Relation between standard perturbation theory and regularized multi-point propagator method

TL;DR

This paper compares the regularized multi-point propagator method with standard perturbation theory, showing that the latter often provides more accurate predictions for nonlinear matter evolution, especially at high wavenumbers, and proposes a divergence-free modification.

Contribution

It offers an alternative explanation for Reg PT within standard perturbation theory and introduces a modified version that avoids divergence at small scales.

Findings

Standard perturbation theory outperforms Reg PT at high-k regions.

Solutions of standard perturbation theory better match N-body simulations.

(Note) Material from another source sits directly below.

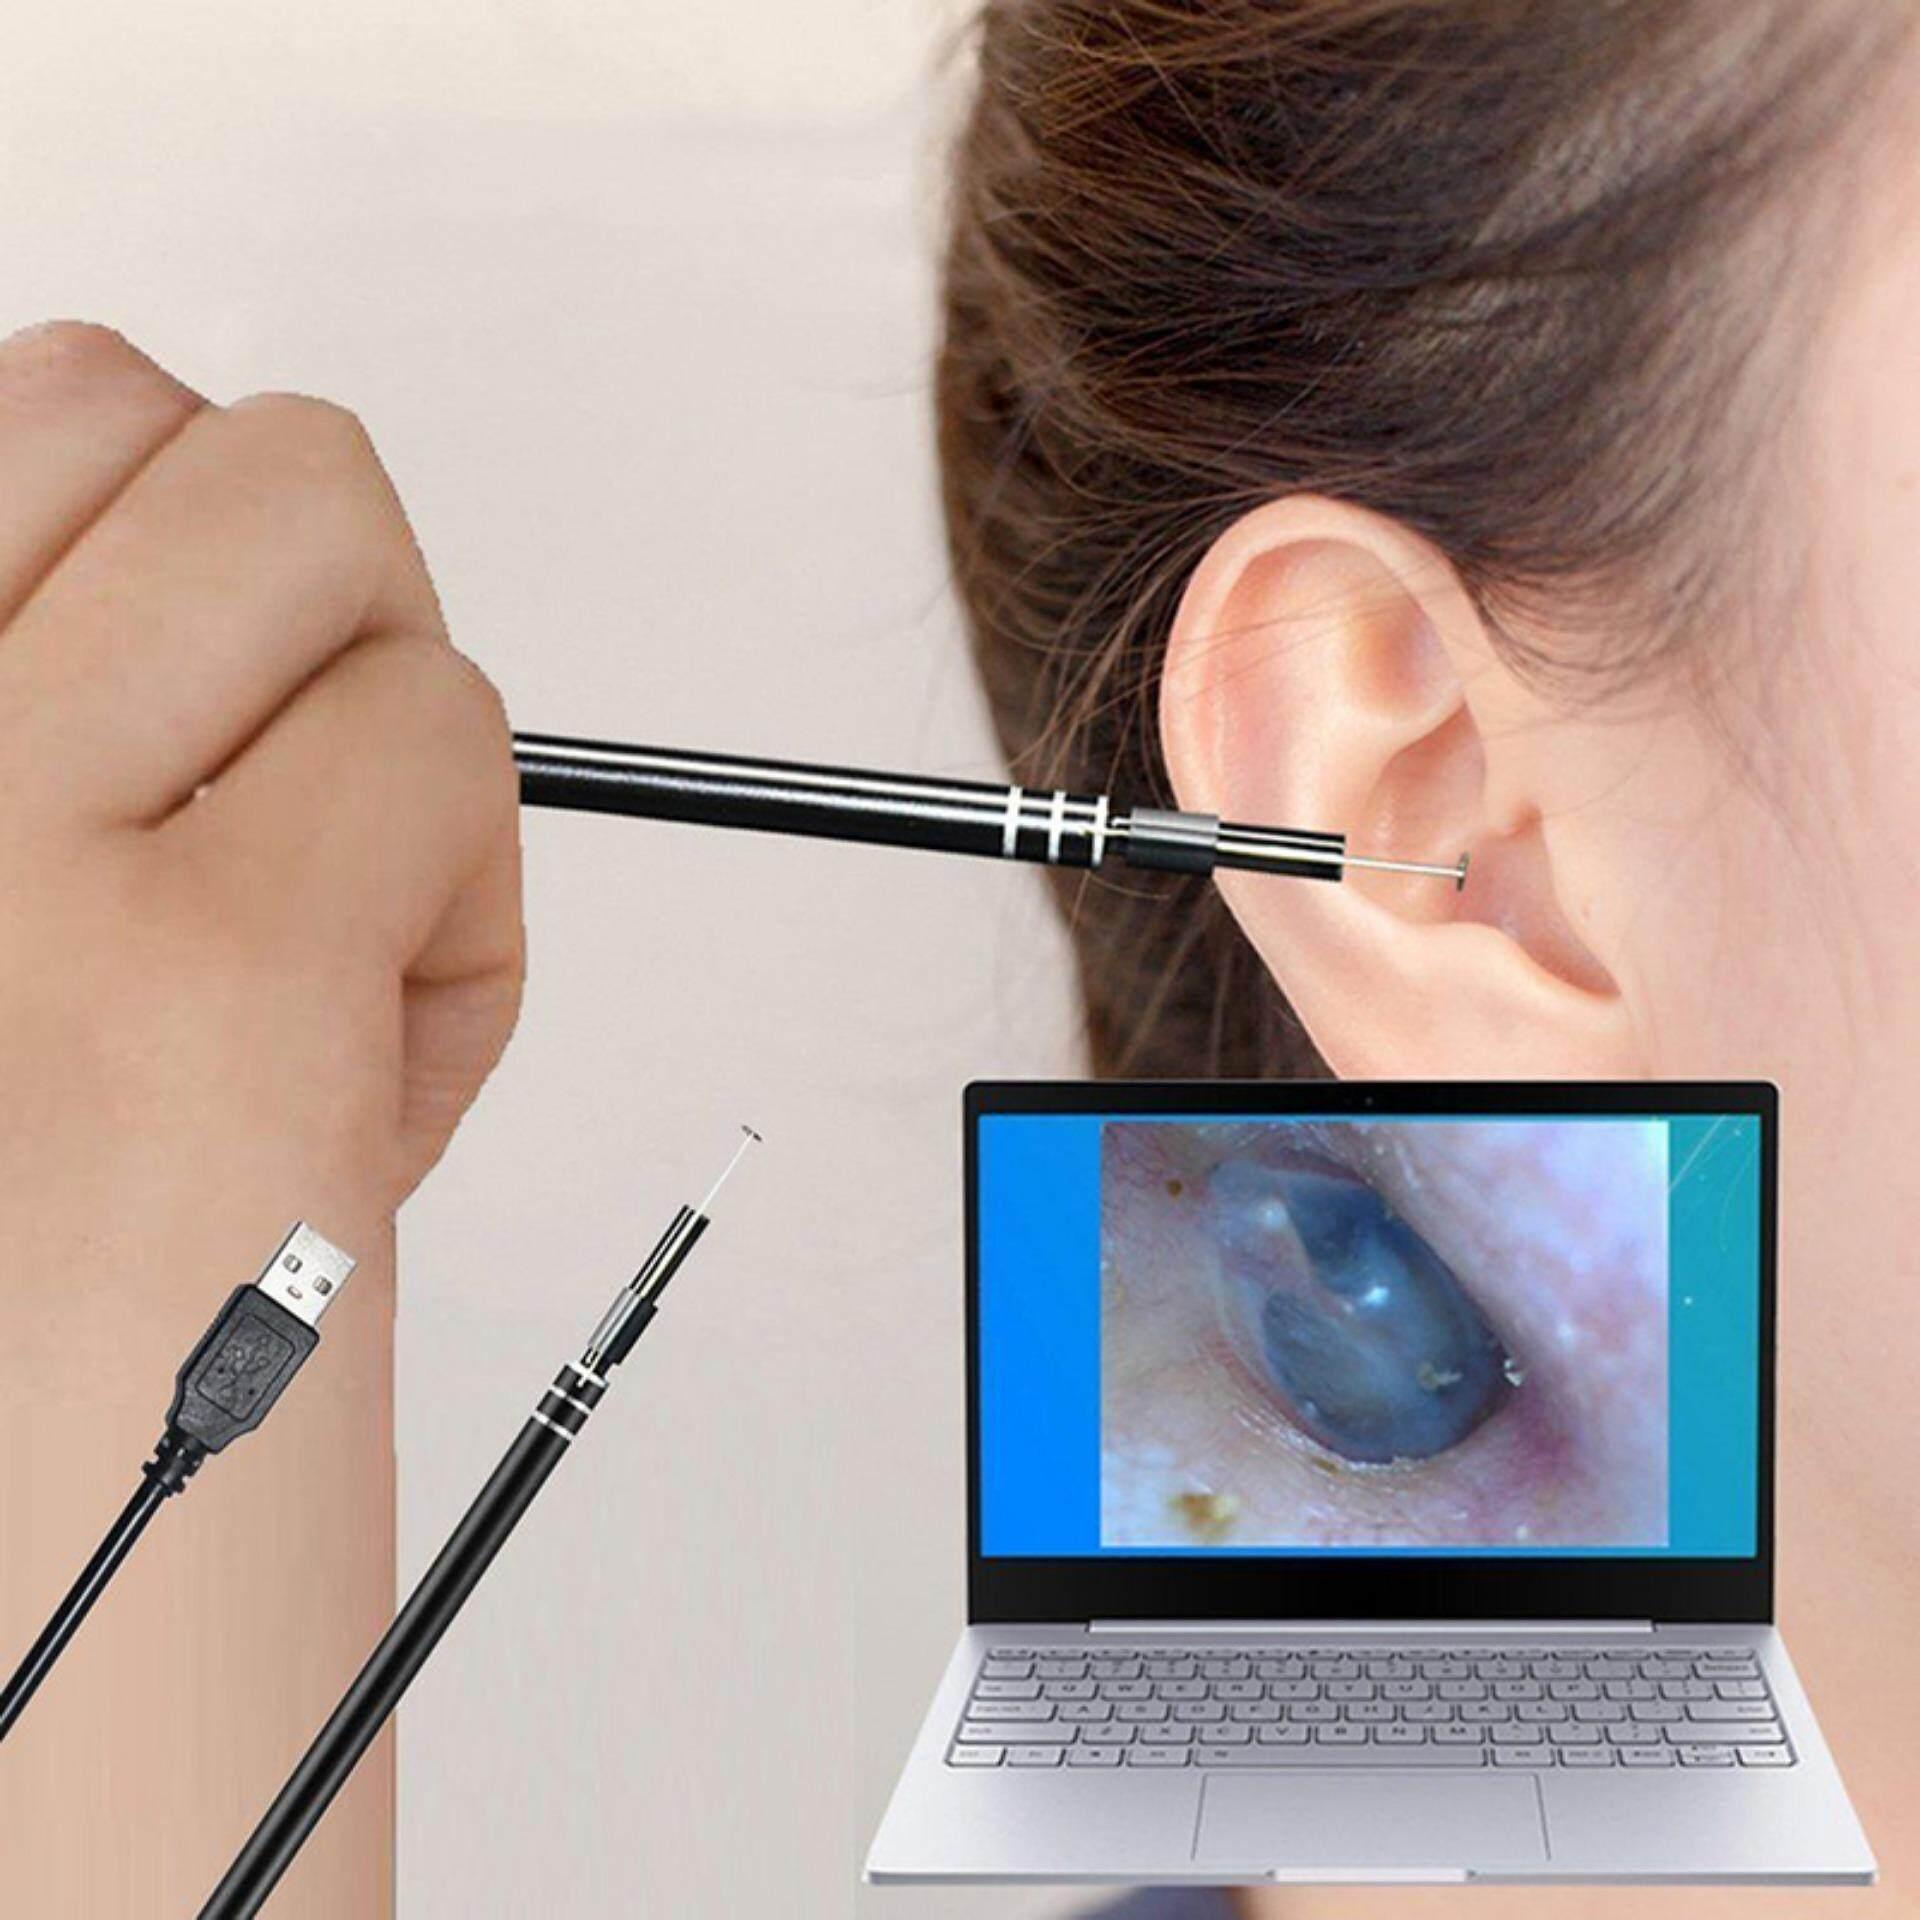 Usb Ear Cleaning Endoscope Hd Visual Ear Spoon Earpick With Mini Camera Qc

Proposed a divergence-free modification of standard perturbation theory.

Abstract

We investigate the relation between the regularized multi-propagator method, called "Reg PT", and the standard perturbation theory. Reg PT is one of the most successful models to describe nonlinear evolution of dark matter fluctuations. However, Reg PT is a mathematically unproven interpolation formula between the large-scale solution calculated by the standard perturbation theory and the limiting solution in the small scale calculated by the multi-point propagator method. In this paper, we give an alternative explanation for Reg PT in the context of the standard perturbation theory, showing that Reg PT does not ever have more effective information on nonlinear matter evolution than the standard perturbation theory. In other words, the solutions of the standard perturbation theory reproduce the results of $N$-body simulations better than those of Reg PT, especially at the high-$k$ region. This fact means that the standard perturbation theory at the two-loop level is still one of the best predictions of the nonlinear power spectrum to date. Nevertheless, the standard perturbation theory has not been preferred because of the divergent behavior of the solution at small scales. To solve this problem, we also propose a modified standard perturbation theory which avoids the divergence.